CNEs in Human and Mouse Orthologous CNE–CNE Pairs with Conserved Inter-CNE Distances Are Associated with Cis-Regulatory Activity
To investigate lineage-specific changes, we performed an analogous analysis on the mouse genome. Specifically, we identified 2,084 mammalian conserved CNE–CNE pairs that exhibited similar sequence and epigenetic profiles as their human counterparts (see supplementary figs.

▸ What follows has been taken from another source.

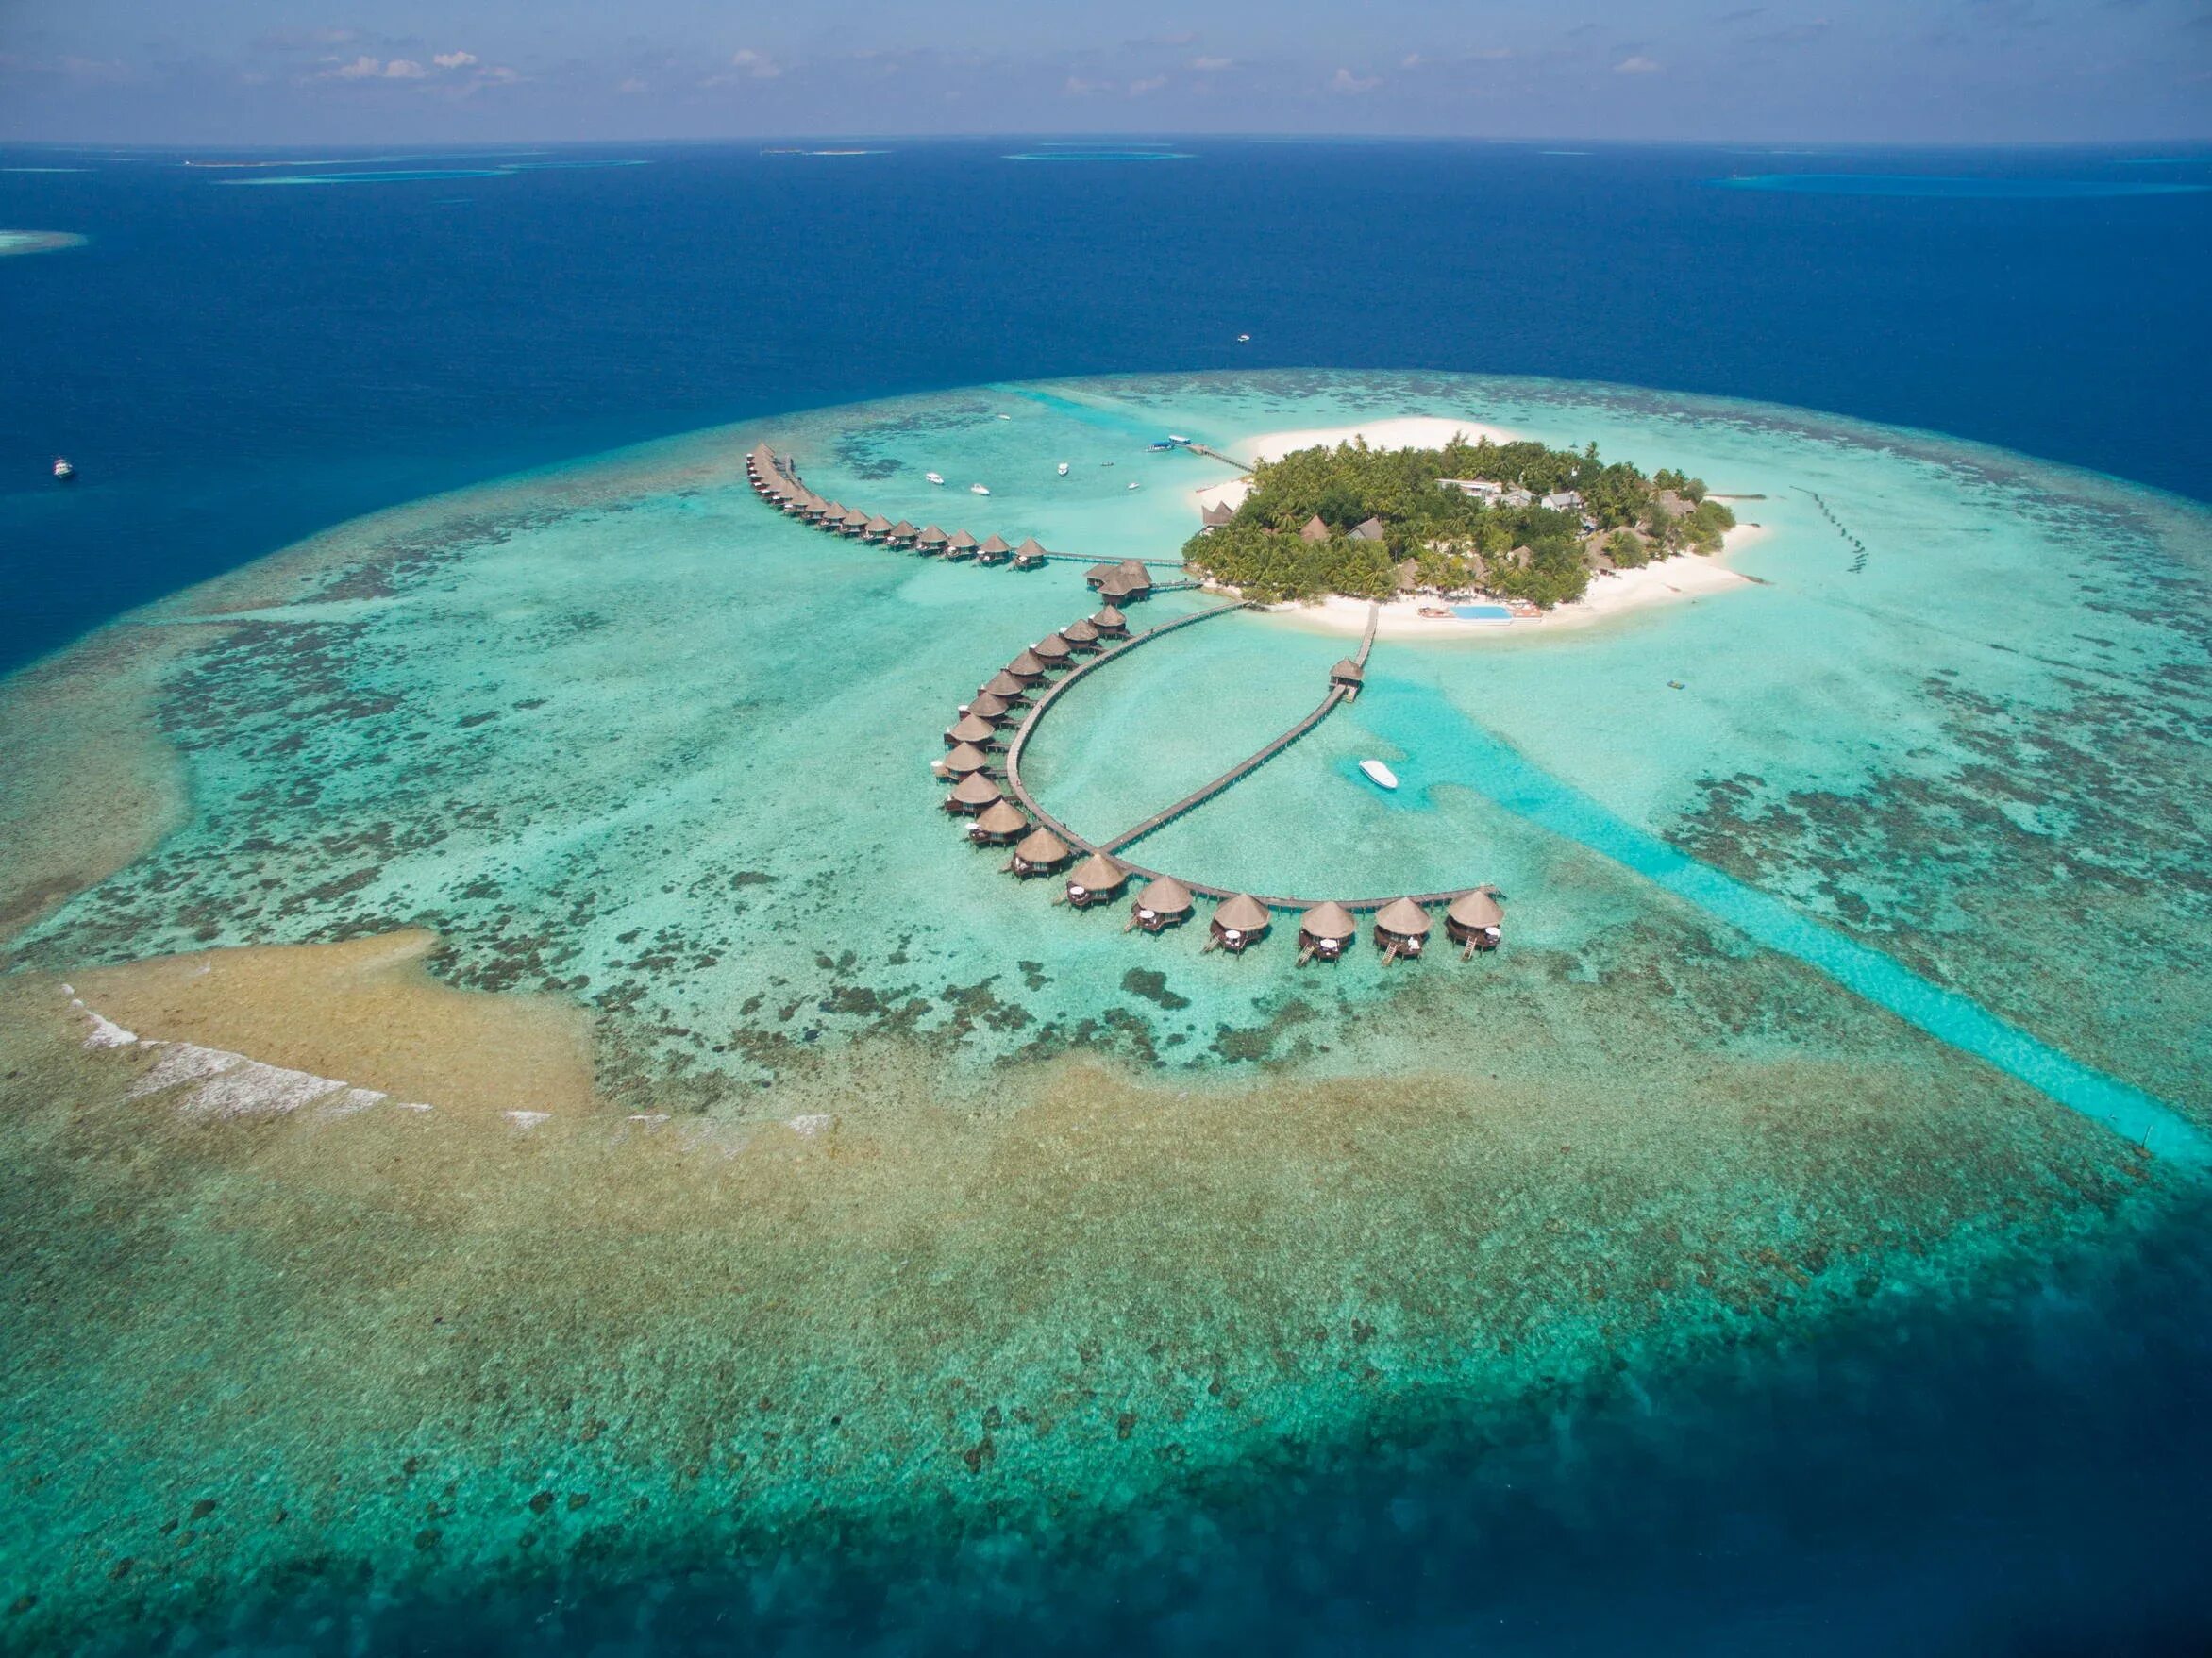 Thulhagiri island. Каафу Атолл Мальдивы. Тулагири Айленд Резорт Мальдивы. Северный Мале Атолл Мальдивы. Мальдивы Thulhagiri Island Resort 4 Мальдивы.

S10 and S11 and tables S5 and S6, Supplementary Material online). Next, we compared the mammalian conserved CNE–CNE pairs in the human and mouse genomes, and identified a subset of 1,411 adjacent orthologous CNE–CNE pairs (AO CNE–CNE pairs) in the both genomes (see Materials and Methods). The vast majority of AO CNE–CNE pairs exhibited consistent contraction/expansion trends in their inter-CNE sequences in both genomes, in the sense they were either contracted, conserved, or expanded in both human and mouse (see fig. 4 and supplementary fig. S12, Supplementary Material online). Only, 54 AO CNE–CNE pairs represented contractions in the human (nRDD groups 1–3) but expansions in the mouse genome (nRDD groups 8–10), whereas 42 were expansions in the human (nRDD groups 8–10) but contractions in the mouse genome (nRDD groups 1–3). Also, we found that AO CNE–CNE pairs with consistent contraction/expansion trends in the human and mouse were associated with more biological processes, molecular functions, and protein domains than AO CNE–CNE pairs with opposite contraction/expansion trends (contracted inter-CNE sequences in human and expanded in mouse or vice versa, see fig. 4 and Materials and Methods). This supports the hypothesis that local contractions and expansions have specifically shaped the mammalian genome, whereas opposite contractions/expansions trends are, in addition to rare, mainly unspecific.
. 4.
—Analysis of human and mouse AO CNE–CNE pairs. Ranges of human and mouse nRDD groups are preceded by “H” and “M,” respectively. (a) Number of AO CNE–CNE pairs. (b) Functions significantly enriched among genes in the neighborhood of AO CNE–CNE pairs. All CNE–CNE pairs in the human genome were used as background. All terms not associated with white are significant (FDR < 0.05). (c) Relative frequencies of the human orthologs of the AO CNE–CNE pairs in the 12 SOM units (see fig. 3). Enrichment of each category in each SOM unit was calculated relative to the total number of AO CNE–CNE pairs: *P-value < 0.05, **FDR < 0.05. (d) Relative frequency of the human orthologs of the AO CNE–CNE pairs with consistent contraction/expansion trends in the human and mouse genomes in the four SOM clusters (see fig. 3c). (e) Relative frequency of the AO CNE–CNE pairs with opposite contraction/expansion trends in the human and mouse genomes in the four SOM clusters.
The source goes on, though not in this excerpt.